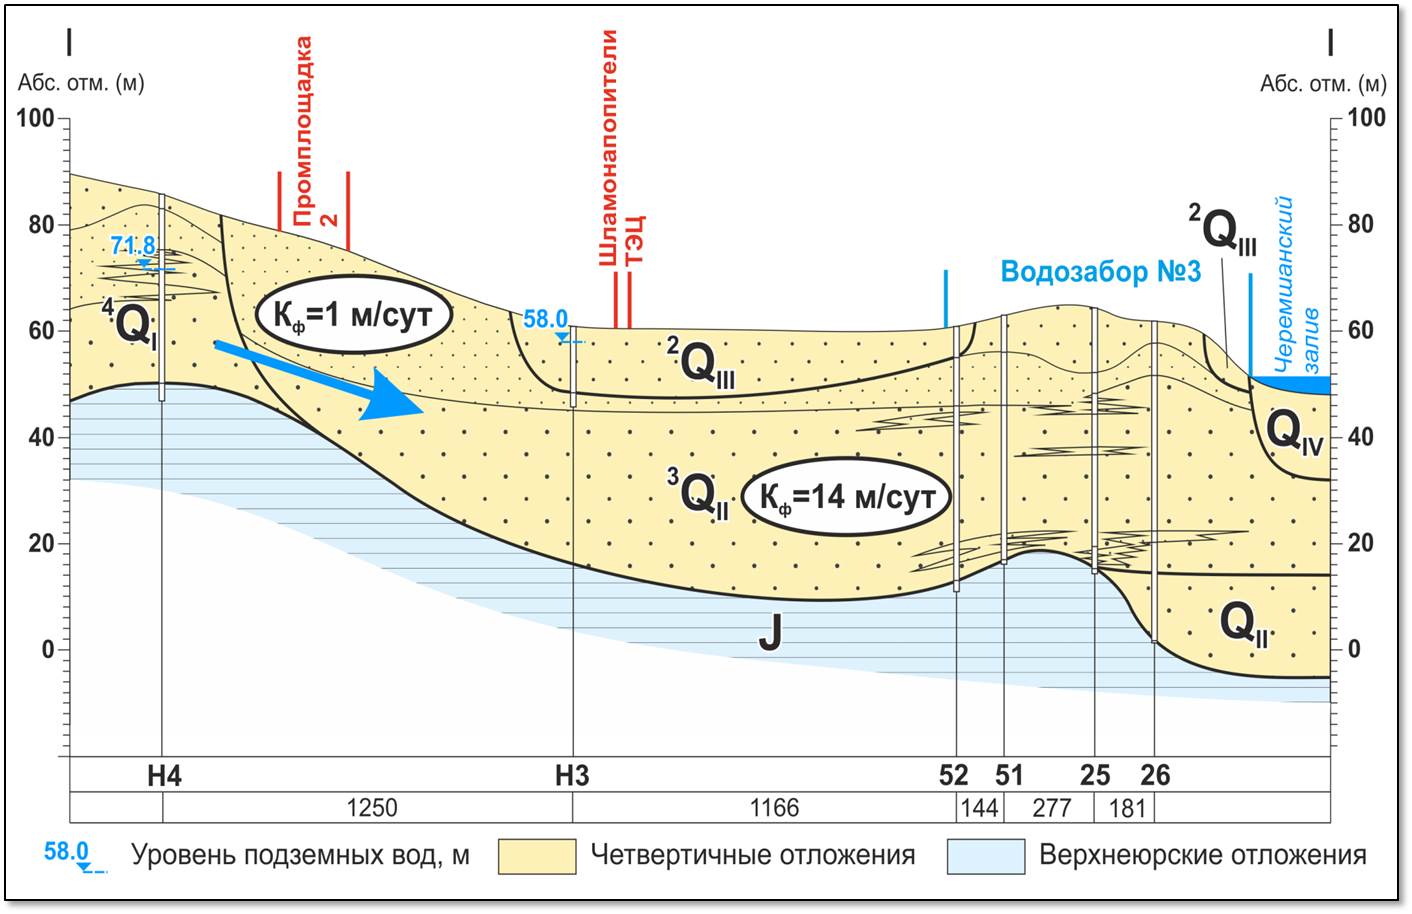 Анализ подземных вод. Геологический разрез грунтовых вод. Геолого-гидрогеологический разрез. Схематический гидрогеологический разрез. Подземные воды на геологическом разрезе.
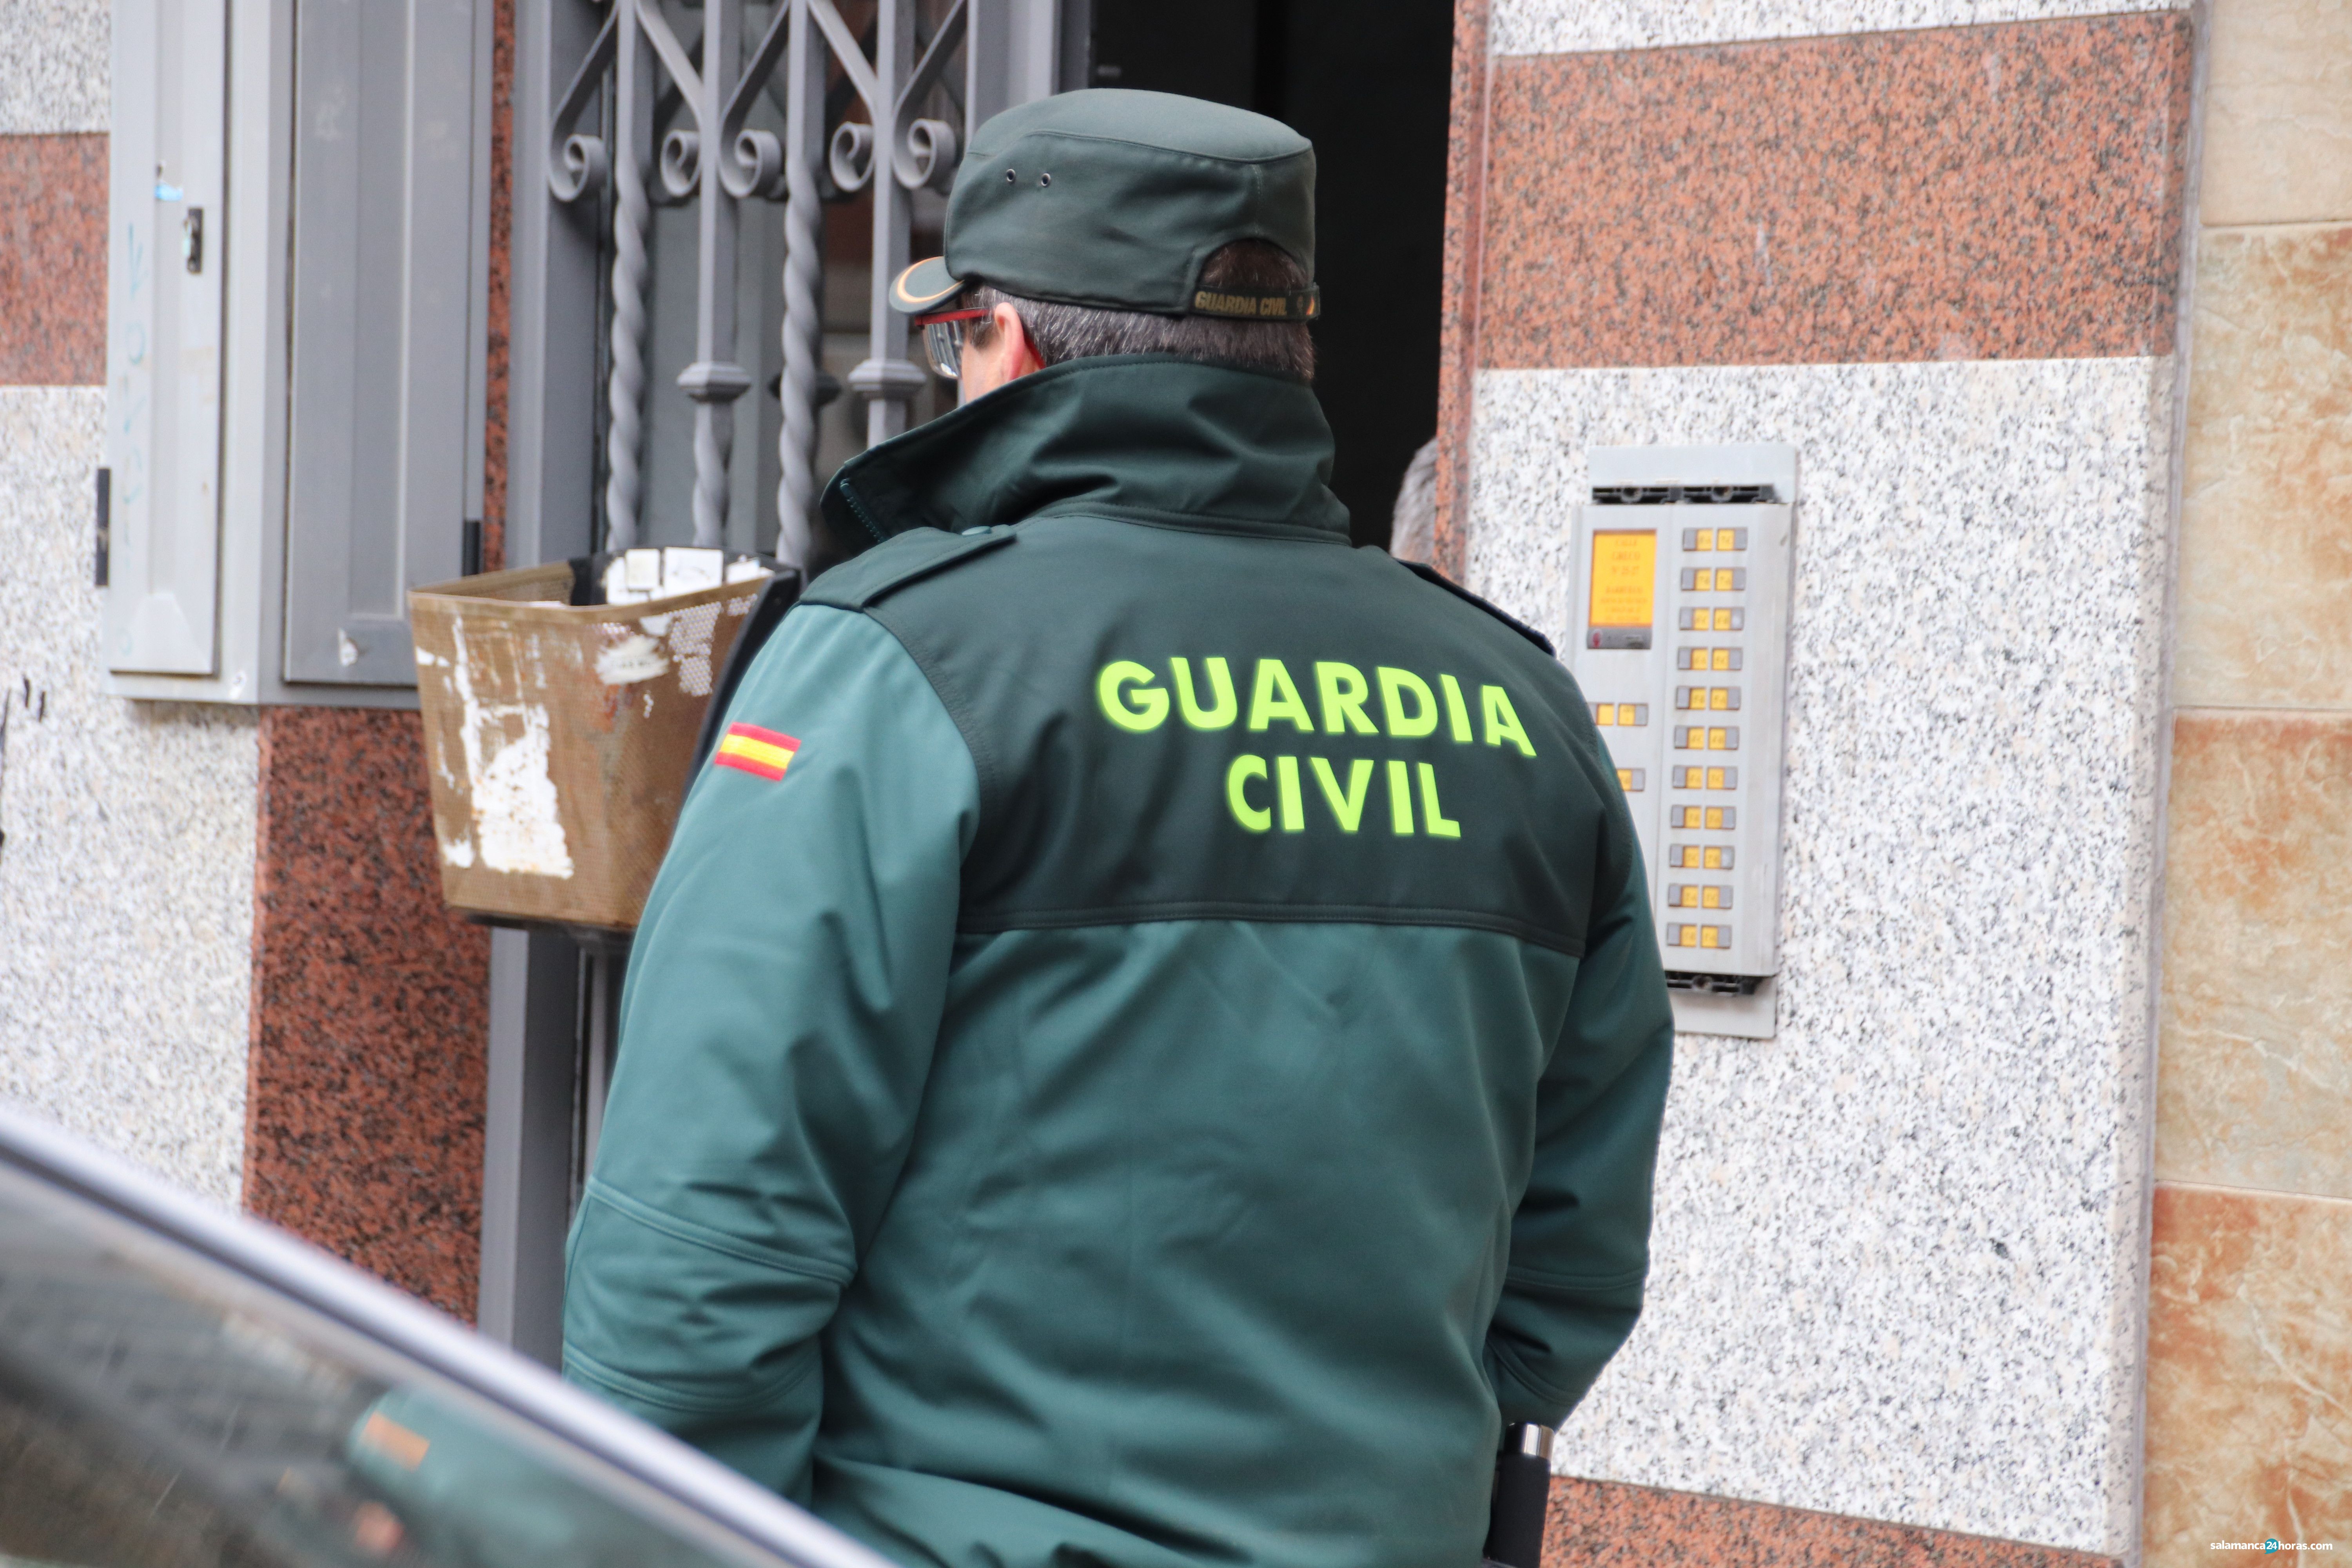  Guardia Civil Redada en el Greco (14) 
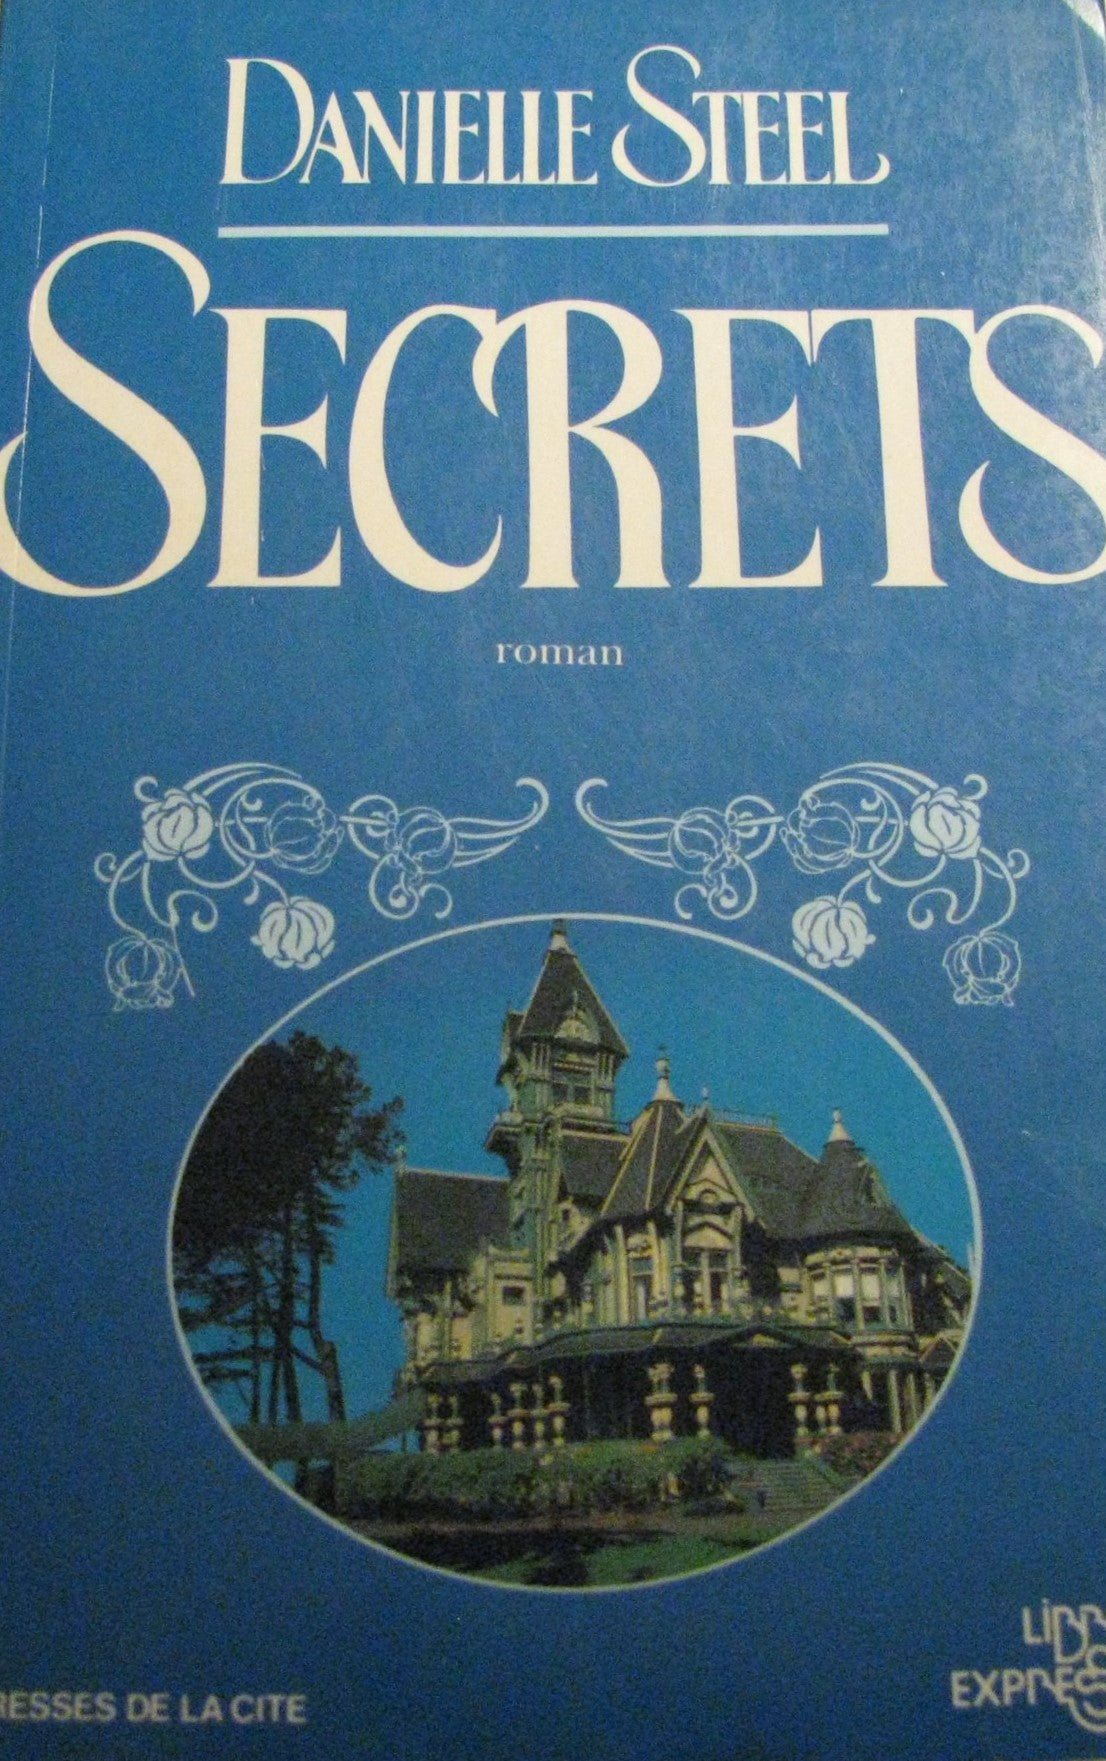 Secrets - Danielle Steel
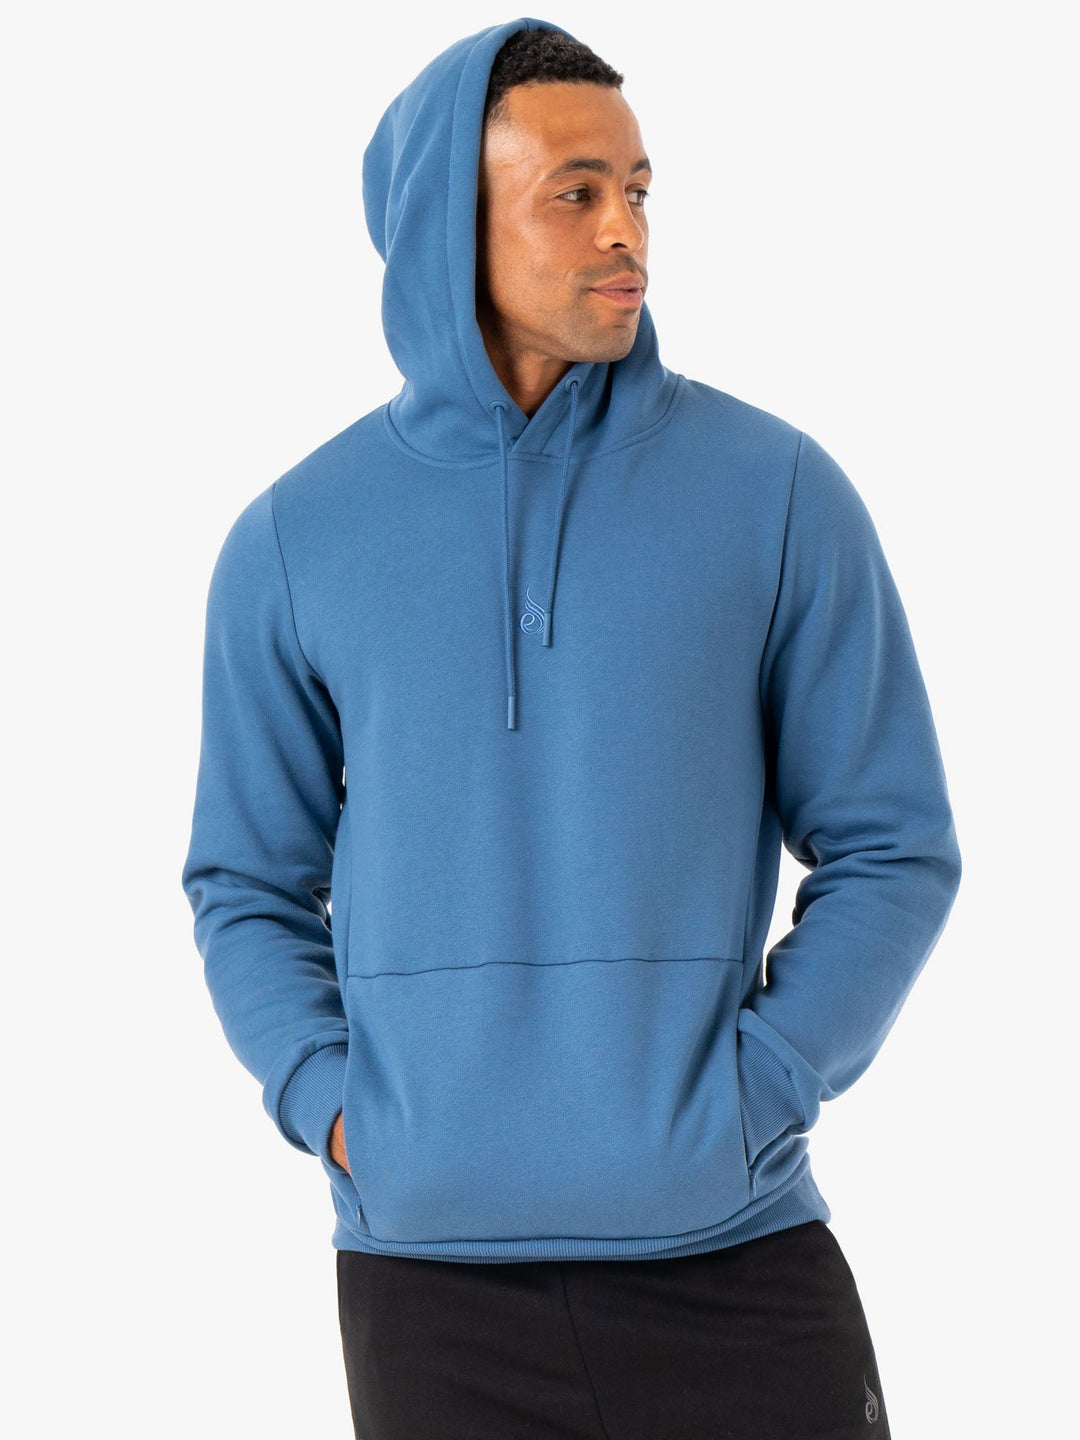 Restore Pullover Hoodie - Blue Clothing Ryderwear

** Problem description **
The material is to be reproduced verbatim, and no picture may appear in the copy.

** Solution to this problem **
 Анализ подземных вод. Геологический разрез грунтовых вод. Геолого-гидрогеологический разрез. Схематический гидрогеологический разрез. Подземные воды на геологическом разрезе.
  Guardia Civil Redada en el Greco (14) 
 Secrets - Danielle Steel
 Restore Pullover Hoodie - Blue Clothing Ryderwear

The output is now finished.